Evolution de l'activité cérébrale d'un rat durant un épisode de locomotion

Les chercheurs ont enregistré simultanément le comportement de l’animal, l’activité électrique de l’hippocampe – une région connue pour être le siège de la mémoire spatiale chez le rongeur, notamment pour les cellules de lieu, véritable GPS du cerveau – et l’activité vasculaire du cerveau grâce aux ultrasons fonctionnels pendant des épisodes de locomotion.
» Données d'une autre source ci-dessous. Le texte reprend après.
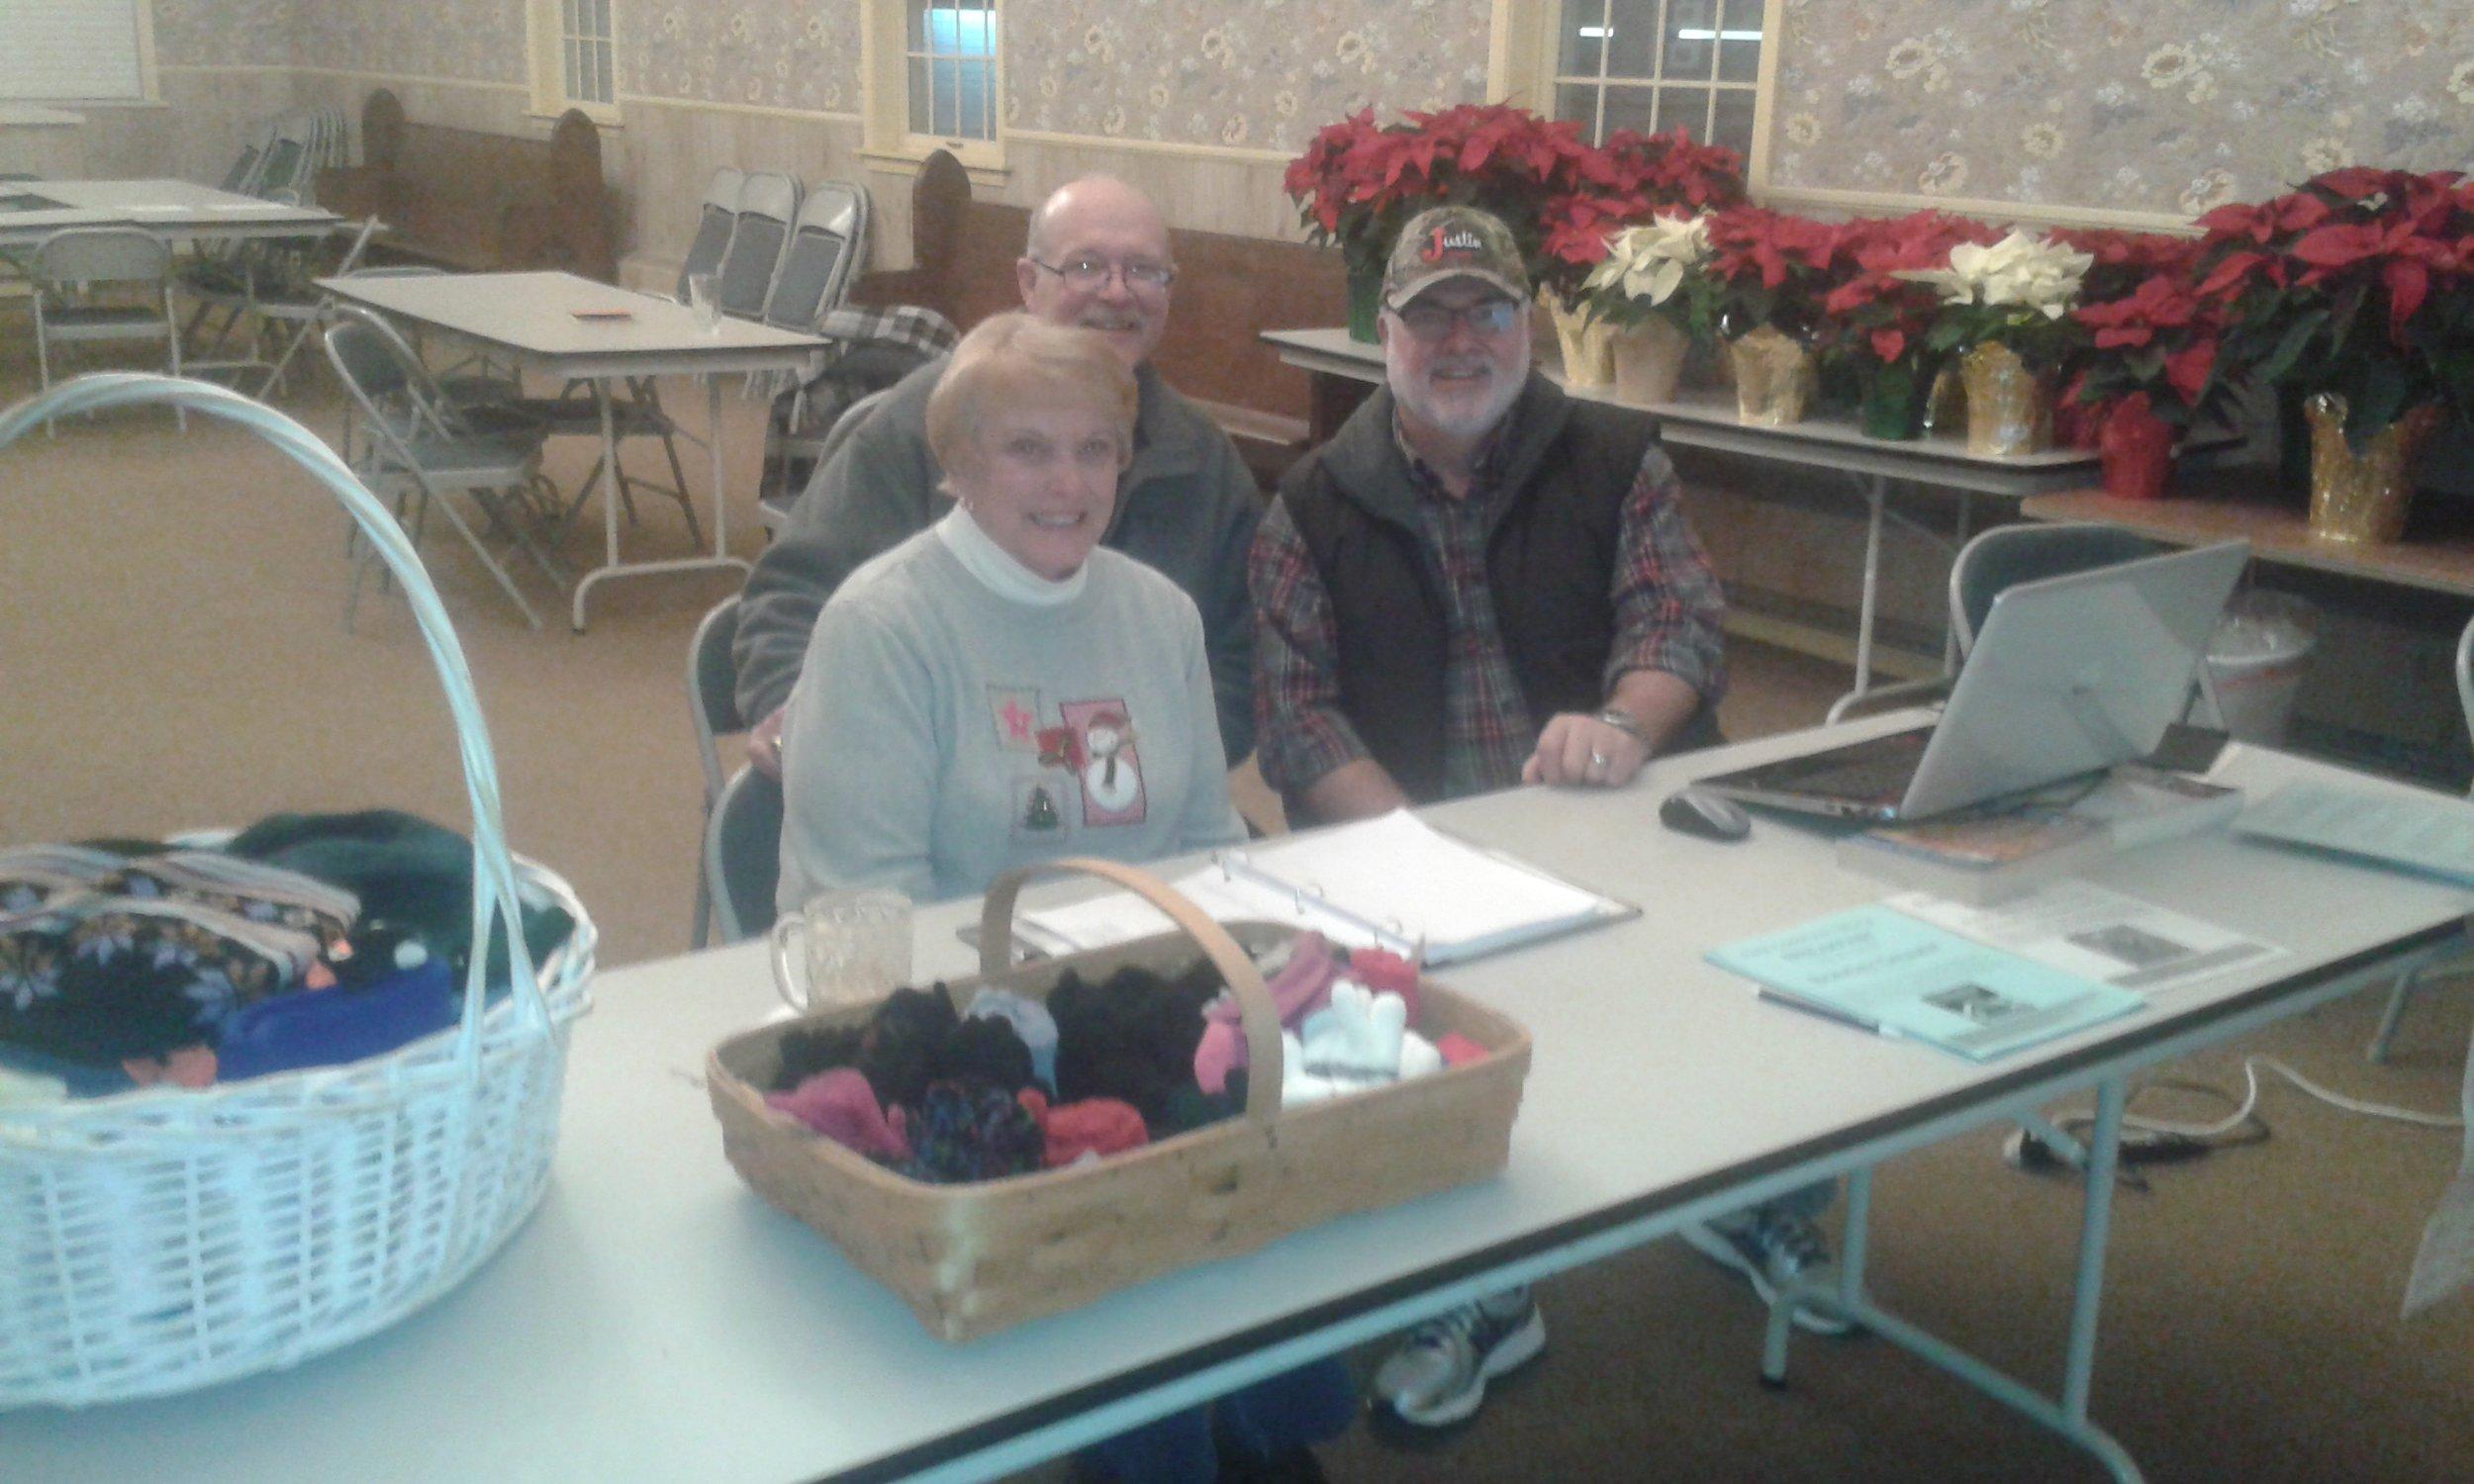 Karen Metsker, Rob Holl, and Fr. Thomas Haynes: NFP distribution day at St Thomas' Plymouth
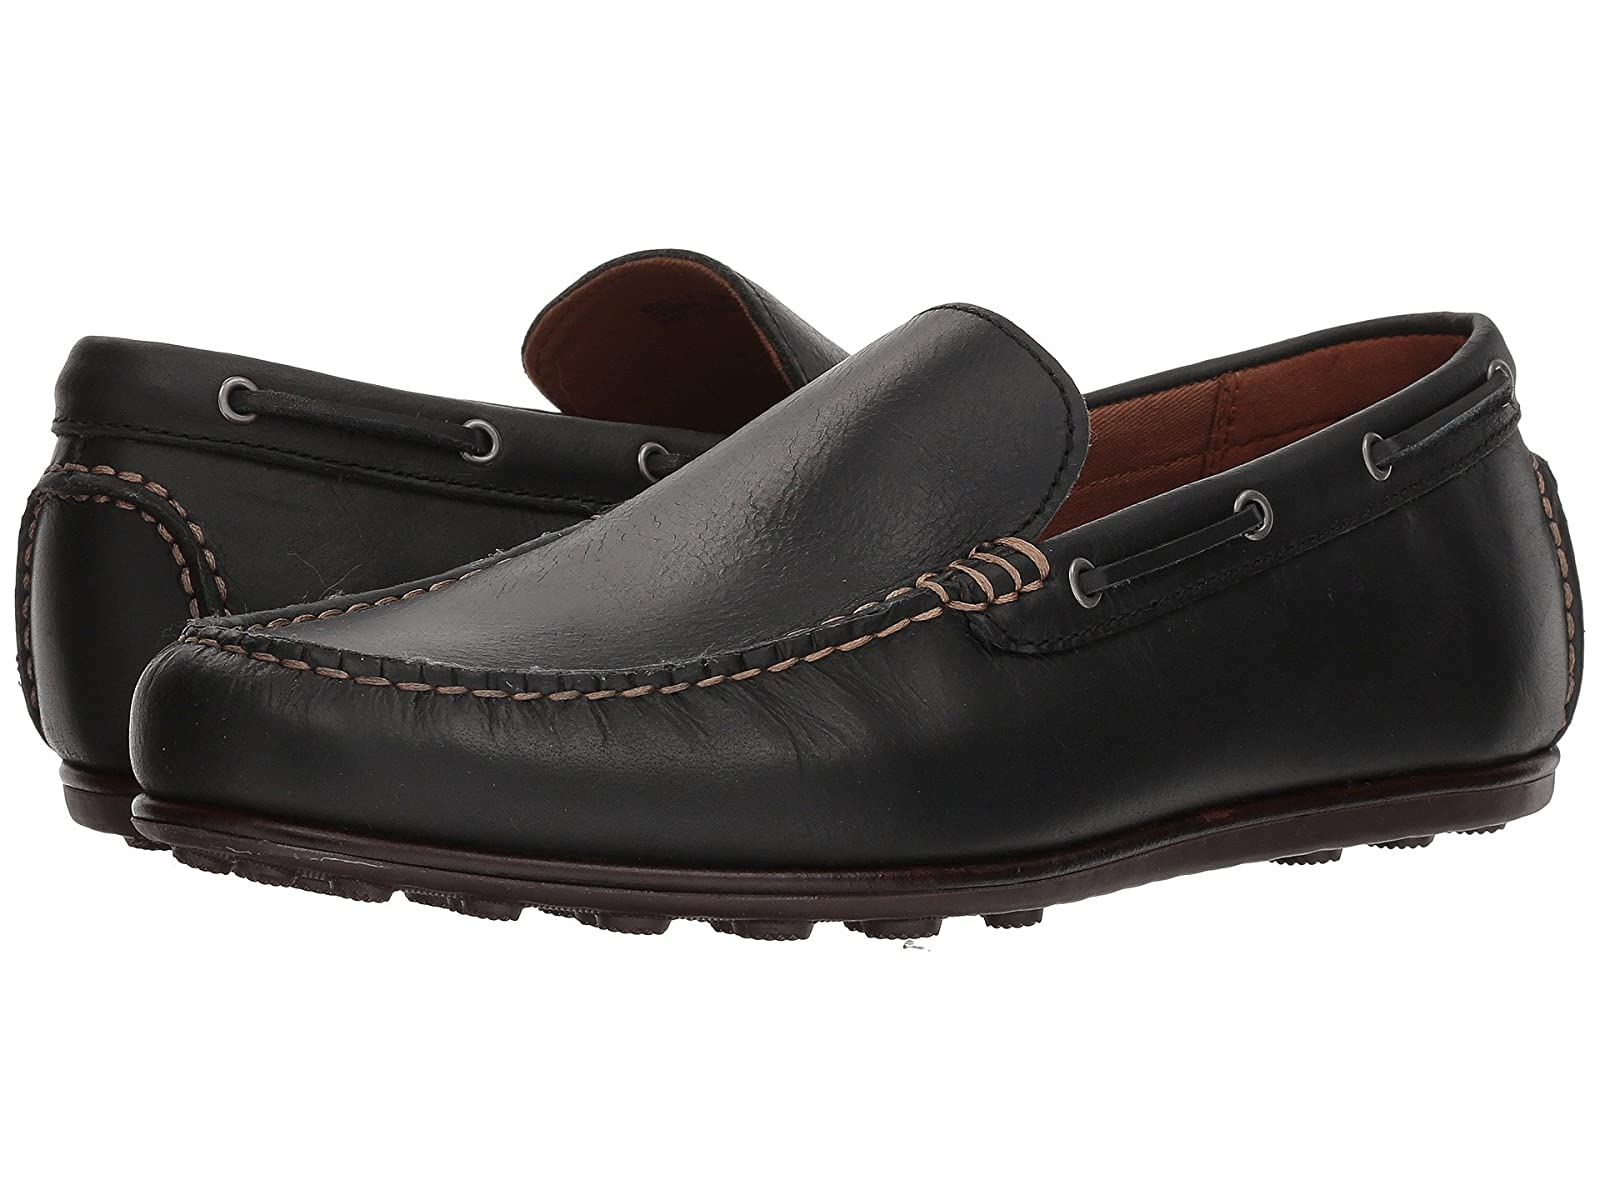 Frye Venetian Driving MocCheap and distinctive eye-catching shoes

Cette approche permet de révéler l’ensemble des régions activées pendant qu’un animal se déplace et se repère dans son environnement. Ils ont trouvé que la locomotion recrute un vaste réseau incluant l’hippocampe, le thalamus dorsal et le cortex rétrosplenial dans une séquence très précise, alors même que le cortex moteur est littéralement désactivé !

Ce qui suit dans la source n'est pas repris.